2009-05-22 Thread Roger Wiklund
Could be broadcast storms, configure a filter on desired interface with the
storm-control command.
You can set thresholds for unicast, multicast and broadcast.

Regards

On Fri, May 22, 2009 at 11:49 AM, Peter Rathlev pe...@rathlev.dk wrote:

 On Thu, 2009-05-21 at 16:20 -0700, Cord MacLeod wrote:
  It sits in the middle of a network.  Below are layer 2 2960 switches
  at the top of rack which the machines plug in to.  Above are routers
  announcing BGP default at it in the confederation.  The machines use
  the 3560 to traverse vlans, it is also the root switch in spanning
  tree and has around 110 inbound acls applied on the interface leading
  to the edge routers.  As far as STP is concerned, the topology never
  changes so we can rule out convergence.

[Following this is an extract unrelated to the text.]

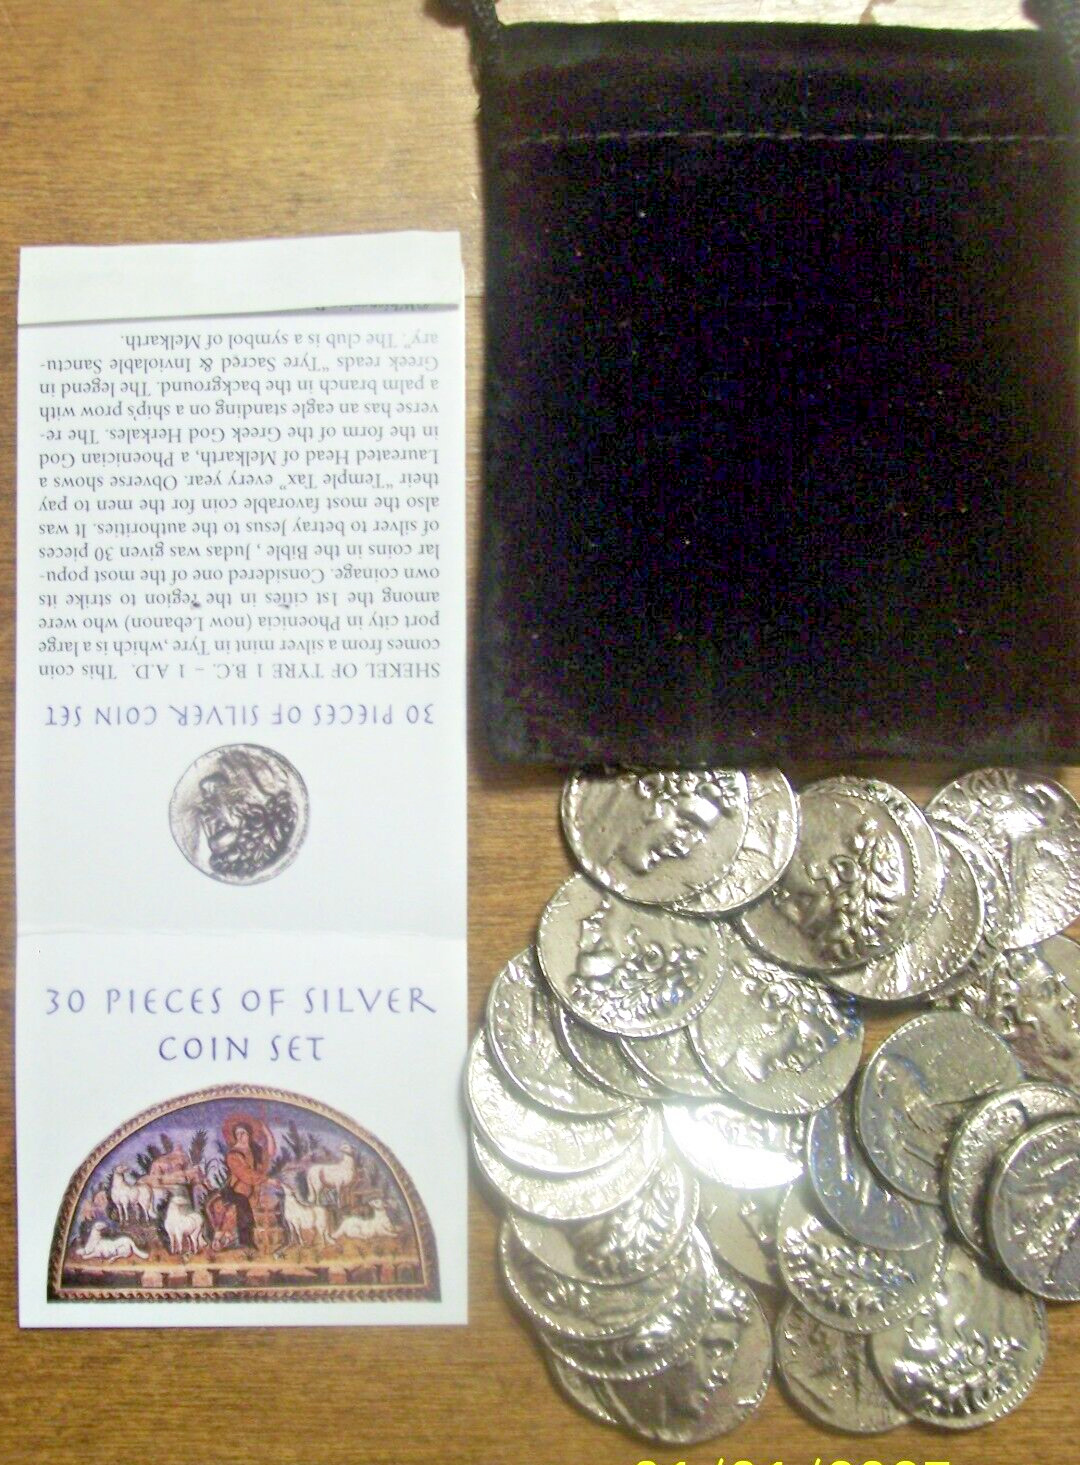 Coin Replicas 30 Pieces of Silver (not real coins) for Educational Resource

 Would this switch happen to have a L3 interface in a VLAN with other
 hosts? Broadcasts are always sent to the CPU, so user traffic then might
 cause spikes.

  That's every function the switch is performing.  These spikes are
  abnormal spikes, and they do not show up on my graphs, nor can I find
  the process causing them.  There is no correlation I find between the
  CPU spikes and any network traffic.

 Strange. What are the graphs graphing? Maybe the 5 min avg. every 5
 minutes? That would explain why spikes couldn't be seen there at least.

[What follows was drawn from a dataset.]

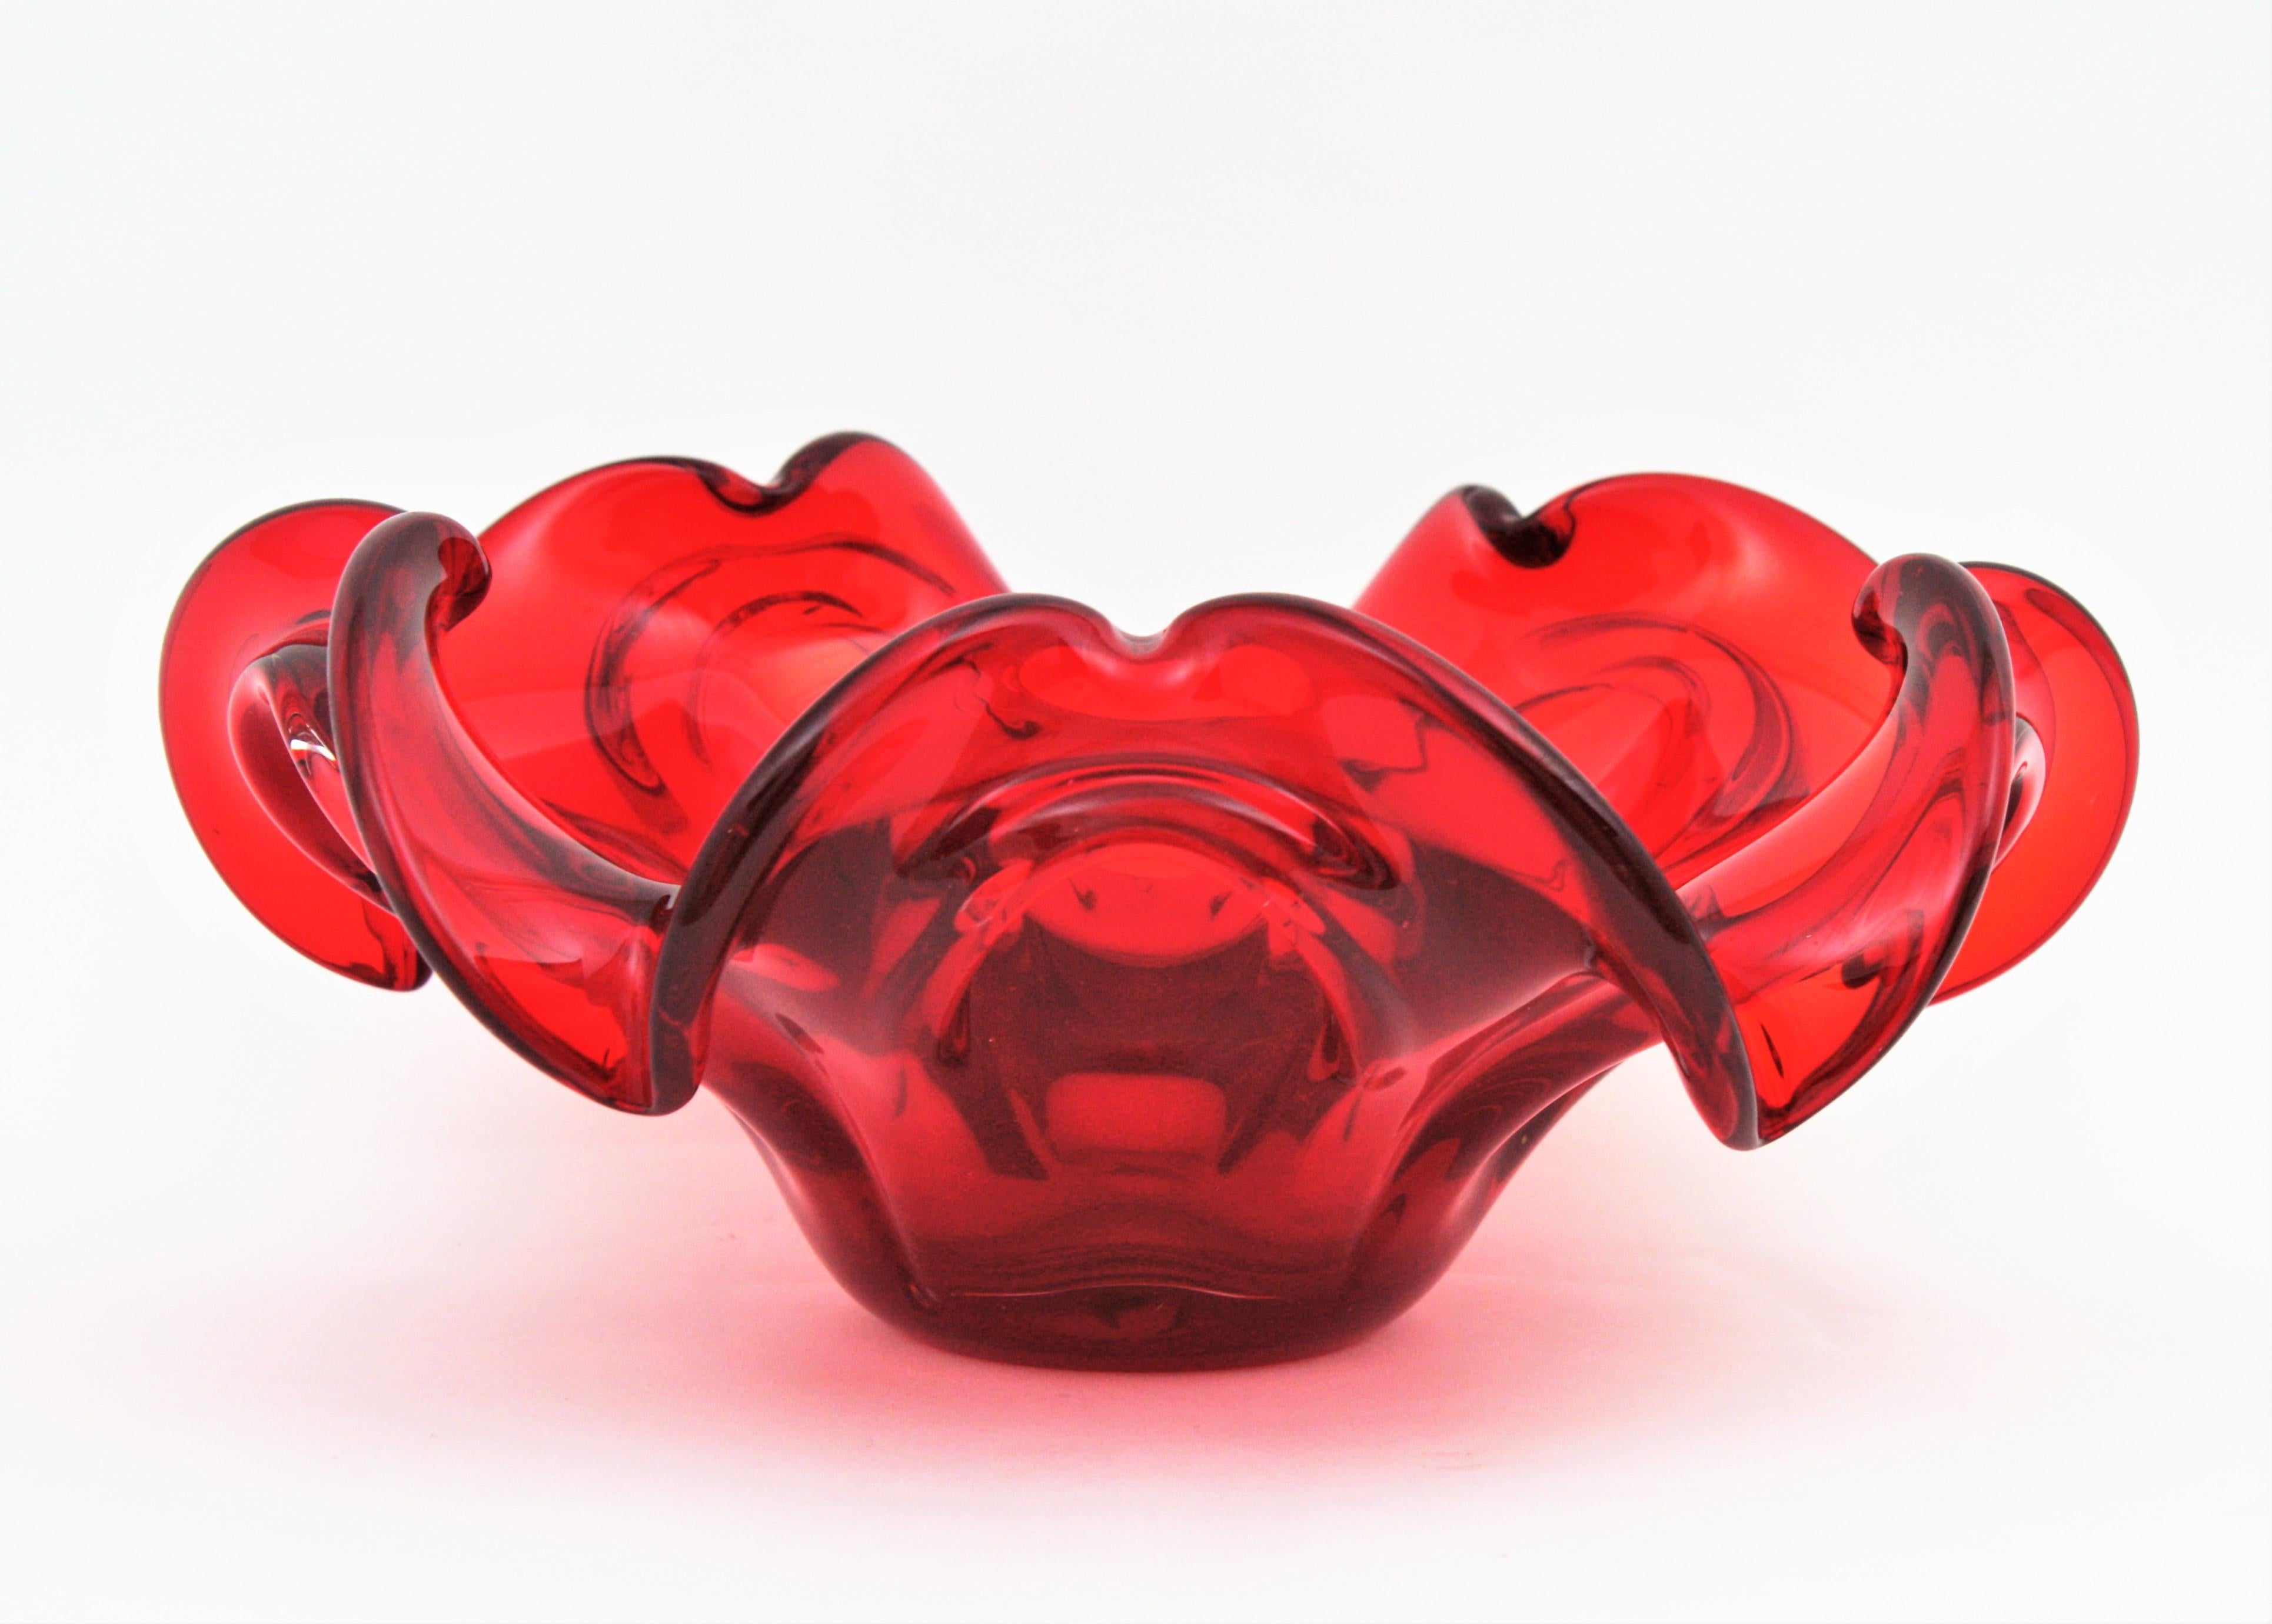 XXL Archimede Seguso Murano Ruby Red Sommerso Glass Flower Centerpiece Bowl 3

 You can setup rmon to alert you specifically when the CPU load exceeds
 some threshold:

 rmon event 1 trap SecretCommunity description Rising Event for busyPer
 owner admin
 rmon event 2 trap SecretCommunity description Falling Event for busyPer
 owner admin
 rmon alarm 1 lsystem.56.0 60 absolute rising-threshold 90 1
 falling-threshold 70 2 owner admin

 With EEM or a script on the trap receiver you could extract the process
 table at exactly the moment the CPU spikes occur.